United States District Court, D. Kansas

August 11, 2014

NHUNG N. LE, Plaintiff,
v.
SPIRIT AEROSYSTEMS, INC., Defendant.

MEMORANDUM AND ORDER

MONTI L. BELOT, District Judge.

Before the court are the following: Spirit's motion for summary judgment and memorandum in support (Docs. 35, 36, 38); Le's response (Docs. 43, 46); and Spirit's reply (Doc. 50). The court commends counsel on their well-written submissions.

I. Introduction

Nhung Le began employment with Spirit in 2007. In 2011, she complained to Spirit's Equal Employment Opportunity (EEO) office that her supervisor was sexually harassing her. Spirit investigated and issued a warning to the supervisor for making inappropriate comments. Le thereafter had a different supervisor. Between August 2012 and January 2013, Le received five disciplinary actions and her employment was terminated.

Le claims she was subjected to a hostile work environment, sexual harassment, disparate treatment, and retaliatory discharge in violation of Title VII and the Kansas Act Against Discrimination. She further asserts common law claims for intentional infliction of emotional distress and wrongful termination in violation of public policy. Spirit moves for summary judgment on all of Le's claims.

II. Uncontroverted facts.

Spirit designs and builds aircraft parts. Le began her employment with Spirit on January 12, 2007, as a composite mechanic. Her job involved fabrication of composite parts for aircraft.
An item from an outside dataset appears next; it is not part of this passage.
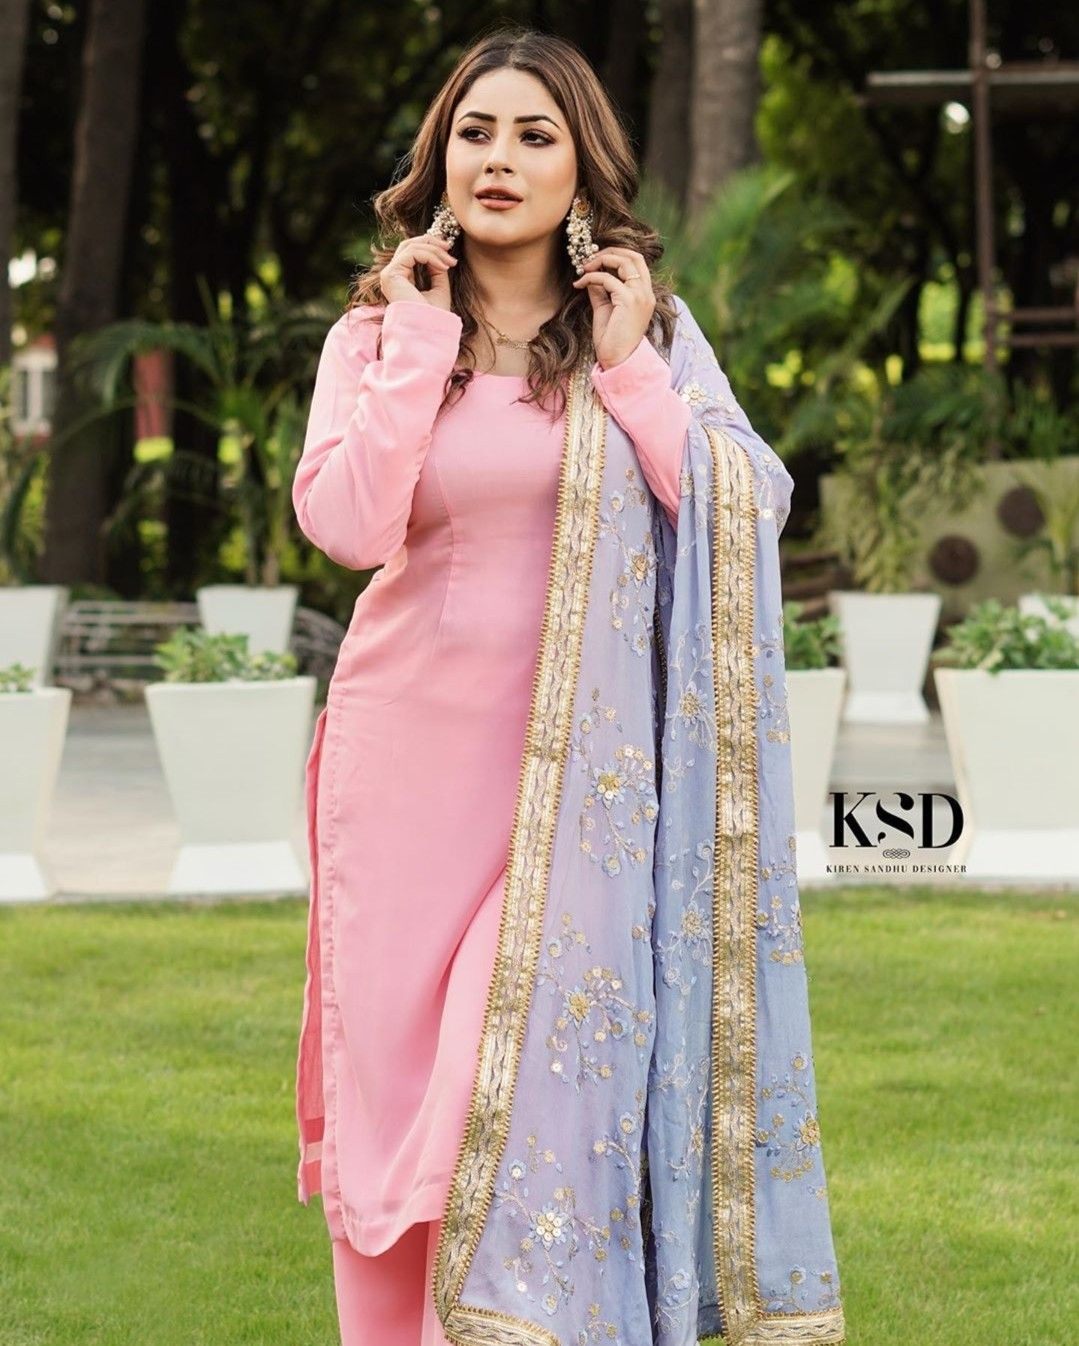 Shehnaaz Gill | Indian designer outfits, Cotton clothes women, Designer dresses indian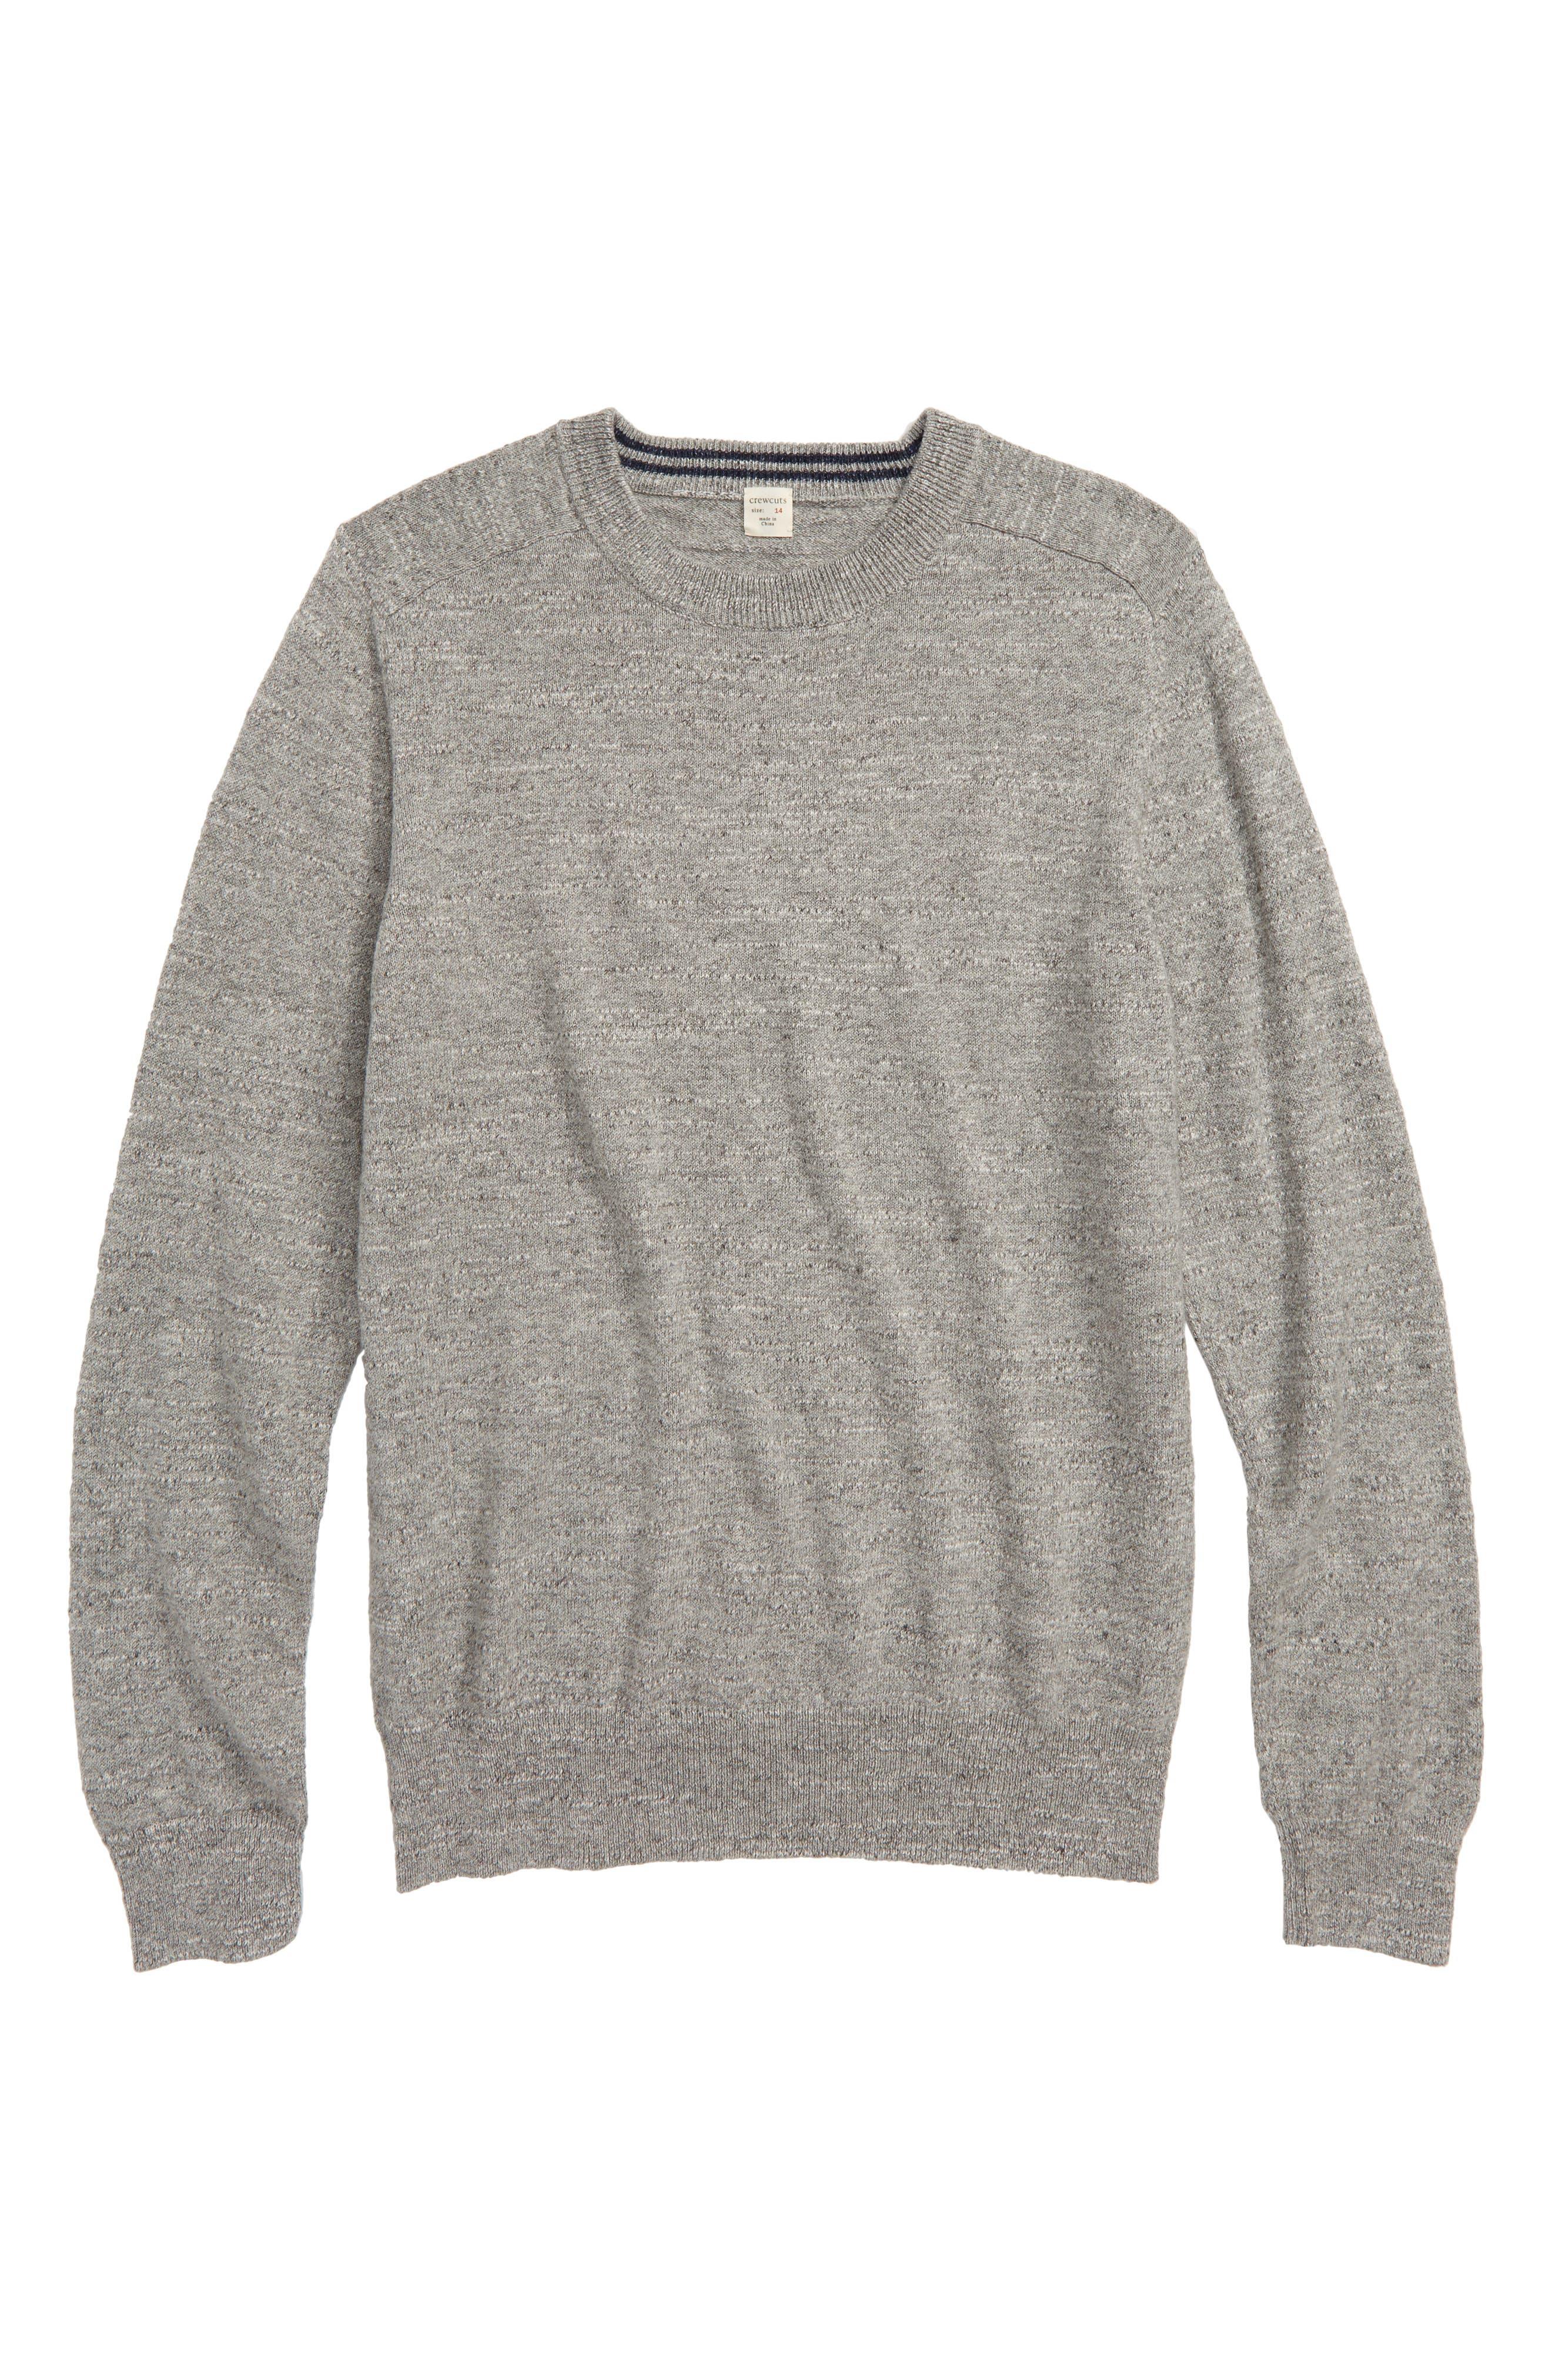 Cotton Crewneck Sweater,                             Main thumbnail 1, color,                             HEATHER GREY INDIGO

Spirit has a written policy against discrimination and workplace harassment on the basis of sex. The policy also prohibits retaliation against anyone for filing a complaint of discrimination or harassment. Employees are responsible for reporting workplace discrimination to either a manager, Human Resources, Ethics Point (an online reporting system), or the HR Compliance-EEO office. The policy allows an employee to report a concern outside their reporting chain of command and to bypass individuals whom they believe have caused discrimination or harassment. When Spirit receives a complaint, its EEO office conducts an investigation. Employees are responsible for cooperating with the investigations. If a complaint is substantiated, Spirit's policy is to take prompt and effective remedial action to deter any future misconduct.

Spirit's discrimination policy is published on the company's intranet. Employees typically receive training on the policy upon their hire and periodically thereafter. Le received training on the policy on May 6, 2008, October 15, 2009, November 15, 2010, September 14, 2011 and September 15, 2012.

Spirit's Disciplinary Guidelines.

Spirit's disciplinary guidelines set forth Spirit's policies and procedures for imposing discipline. According to the guidelines, Spirit may handle less serious misconduct under the concept of progressive disciplinary action, meaning increasingly severe disciplinary actions for subsequent work rule violations, including possible termination after multiple infractions. Under the policy Spirit reserves the right to omit or repeat a disciplinary step, or issue discipline out of sequence, depending on the circumstances.

Employees may be terminated for "generally unacceptable conduct" when the employee accumulates four disciplinary actions within a year and then receives a fifth disciplinary action for any reason in the following year.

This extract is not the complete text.